Walker wrote:Did you ever have a thought pop into your head that is totally unrelated to your current chain of thoughts, and unconnected to current perception? A thought “out of the blue” as the saying goes. If you describe this thought it seems so out-of-place that you might say, it’s not even my own.
I think the answer must be 'no'.
A 'chain of thought'sounds like the application of logic or mathematics, or the deliberate simplification of a problem. It is such chains of thought that are artificial; such chains are not my own thoughts because I am trying to exclude myself from them, to think objectively about a subject, as we might do when we are doing science.
So I would say it is the other way round; when this inconsistent thought pops into my head it is my subjective existence reasserting itself. It is reminding me that there are always other ways to look at the subject, and other subjects to look at.
If you “unpack” any world view that speculates on first cause or its absence, eventually you’re going to find the box marked belief. What’s in there? Conditioning, and also chemistry that is devoted to the body staying alive, which is the biological imperative for the benefit of the species.
I do not see that is necessarily true. I can be aware that a chain of reasoning is contingent on something being true, I do not have to pretend certainty about that something when it isn't there. For example, I can posit the reason for certain experiences is that there are physical objects (as opposed to simply ideas) but I do not pretend I can ever prove this.
Indeed, I do not see how (strictly speaking) I can believe something is true.

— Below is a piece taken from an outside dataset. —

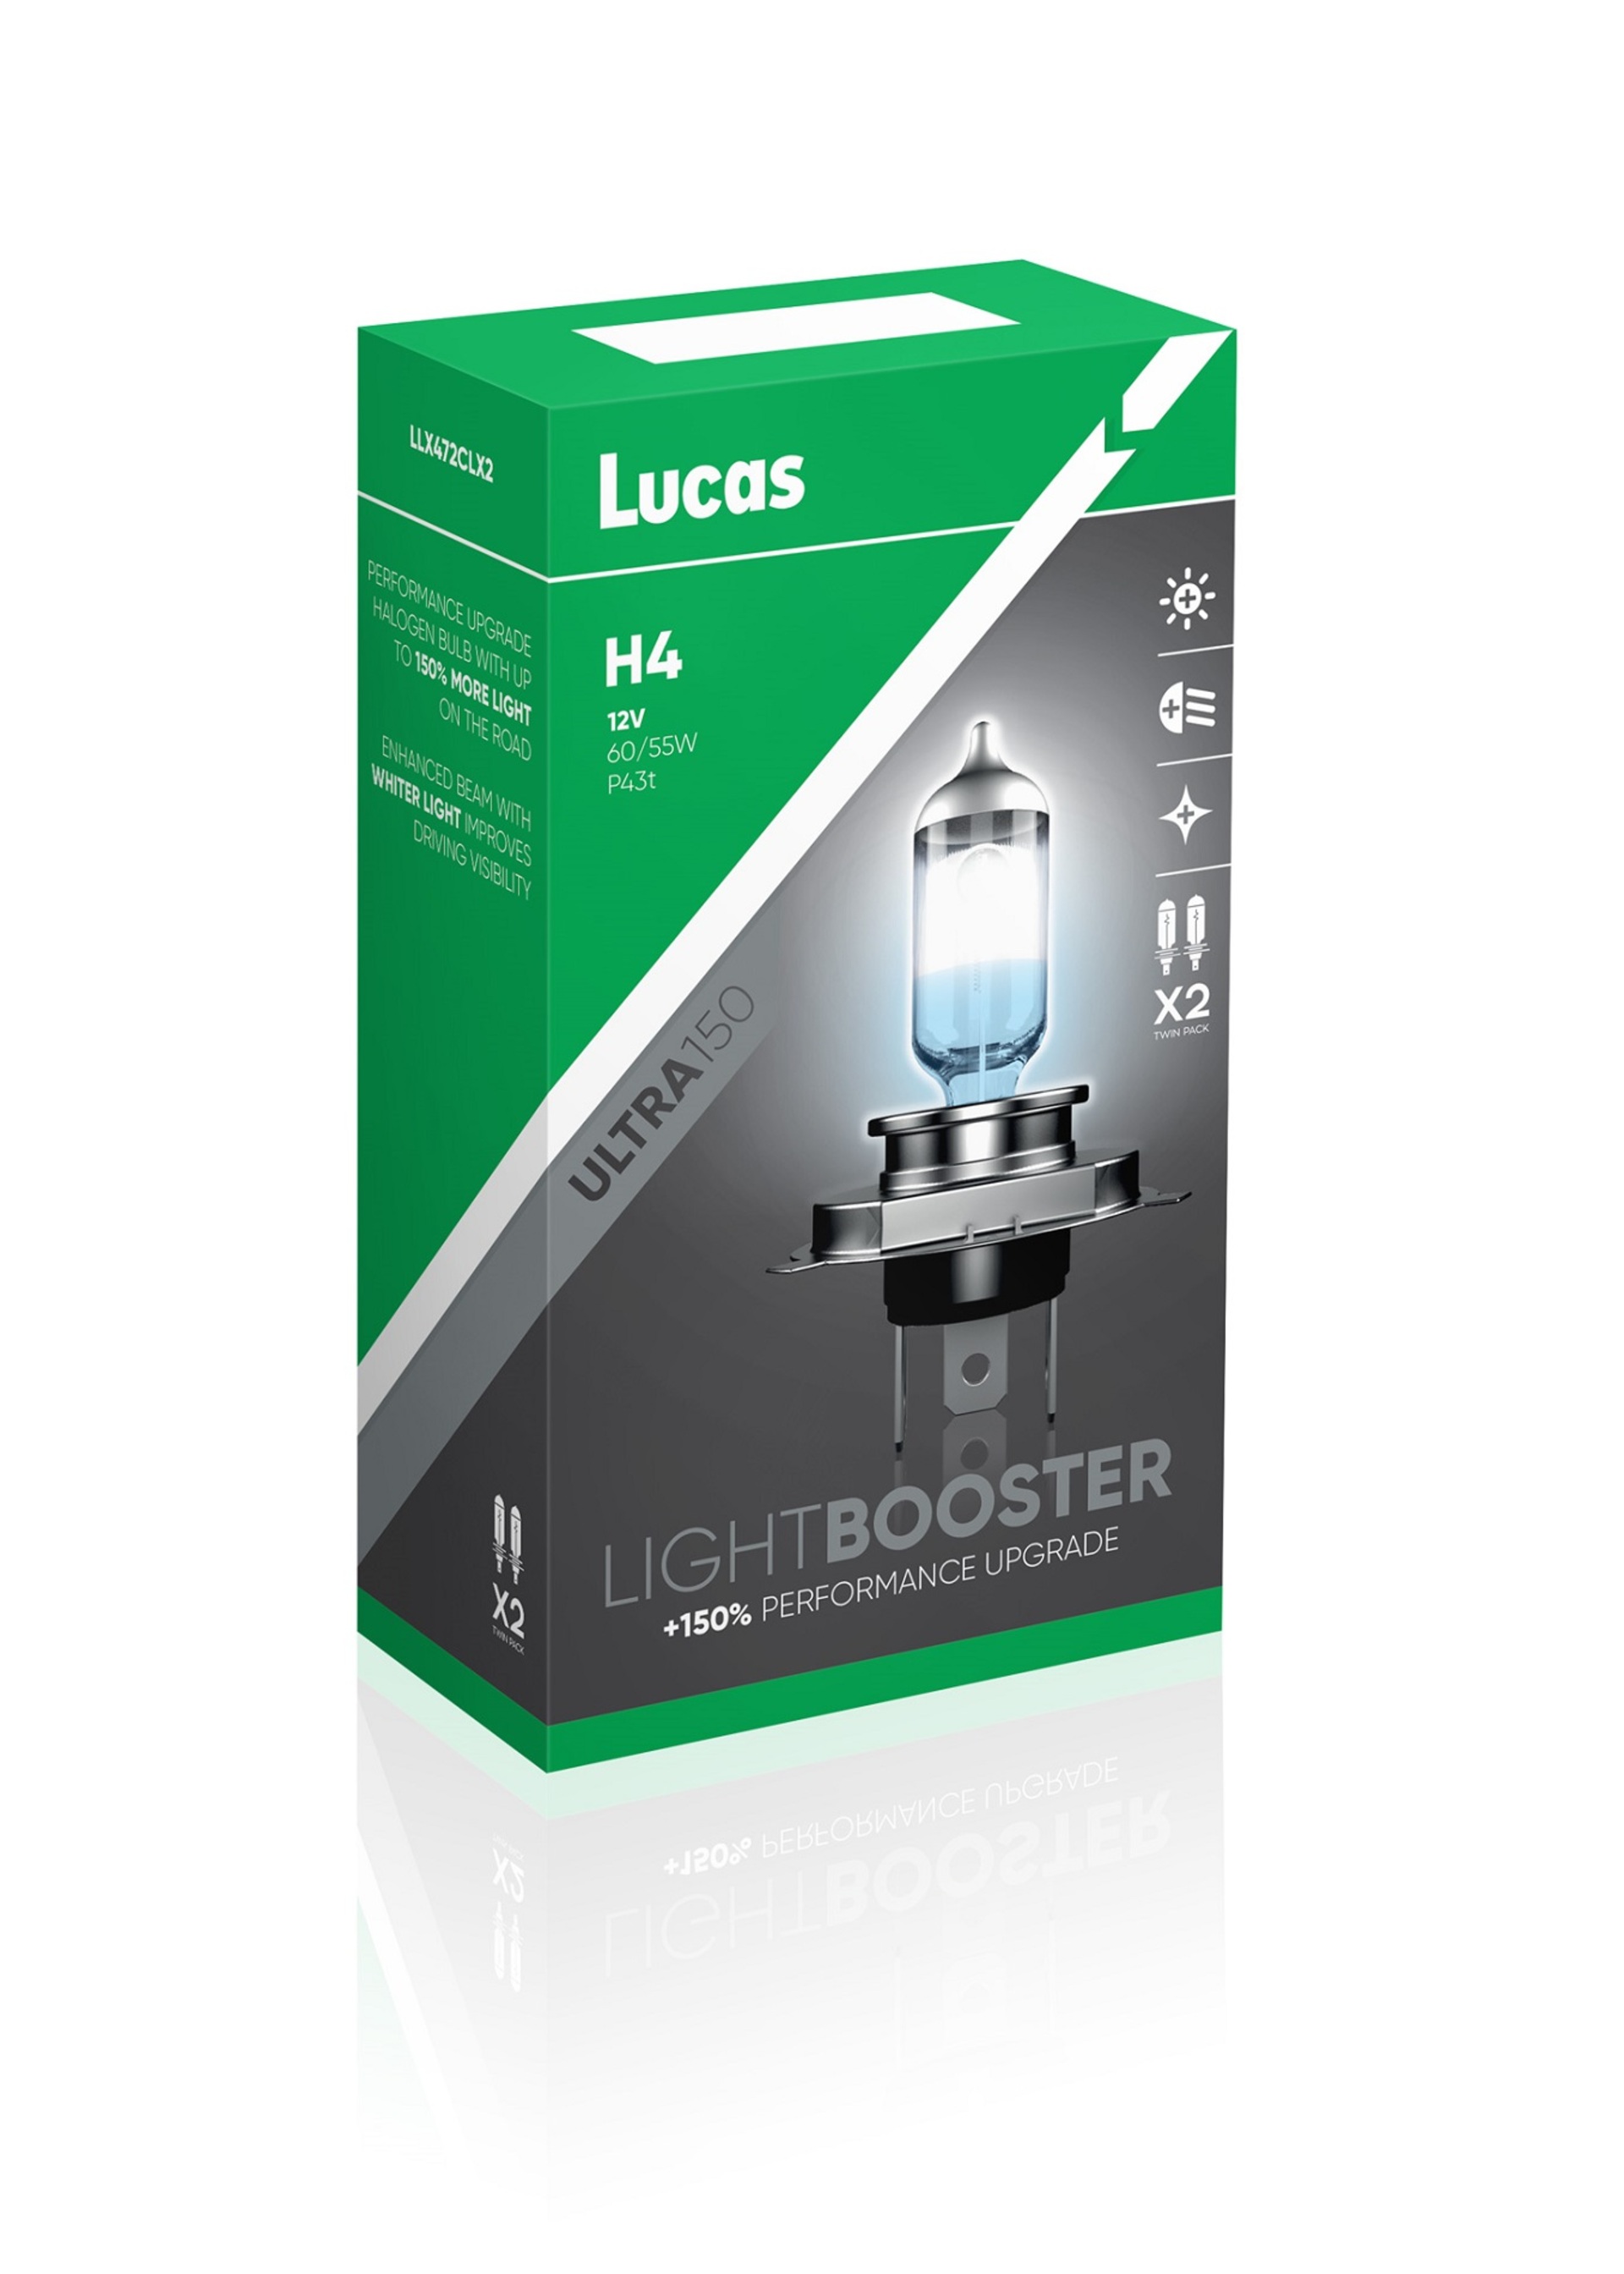 Lucas H4 ULTRA150 +150% 60/55W 12V 2ks LLX472CLX2

To say the reason I think something is true is just that 'I believe it', would be to admit I had no objective reason. If I am aware I have no objective reason to think something, then I am aware it could be otherwise. If I am aware things could be otherwise then I would not have a firm belief.
To put it another way, if somebody says 'I believe X' we can ask them 'Why?' and expect them to give reasons. But if it was literally just a belief, the answer would have to be 'No reason, I just do'. After getting such an answer, we might wonder if they were really a robot.
Folks do not say that a scientist’s incomplete knowledge of science implies non-existence of science.
This is because what a scientist’s incomplete knowledge actually implies, is belief.
That is to confuse science-the-method with what science is applied to. To know the rules of chess isn't a claim to be be able to win every game.
Science is well aware that it rests on certain assumptions and thus everything it says about the world is contingent on those assumptions being true. On the other hand, science does successfully predict things, it makes testable propositions. No act of faith is required.
Folks do say that a God-knower’s incomplete knowledge of God implies non-existence of God.
However like the scientist, what a God-knower’s incomplete knowledge of God actually implies, is belief.
If the God-knower is aware they are working from certain assumptions, like the scientist, then thus far the two are similar.
On the other hand, if the God-knower claims
certainty, but cannot show why they should be certain, then we are back with what I wrote above. I do not see how they can believe something - because they believe it. It would be like saying 'I am both uncertain and certain'.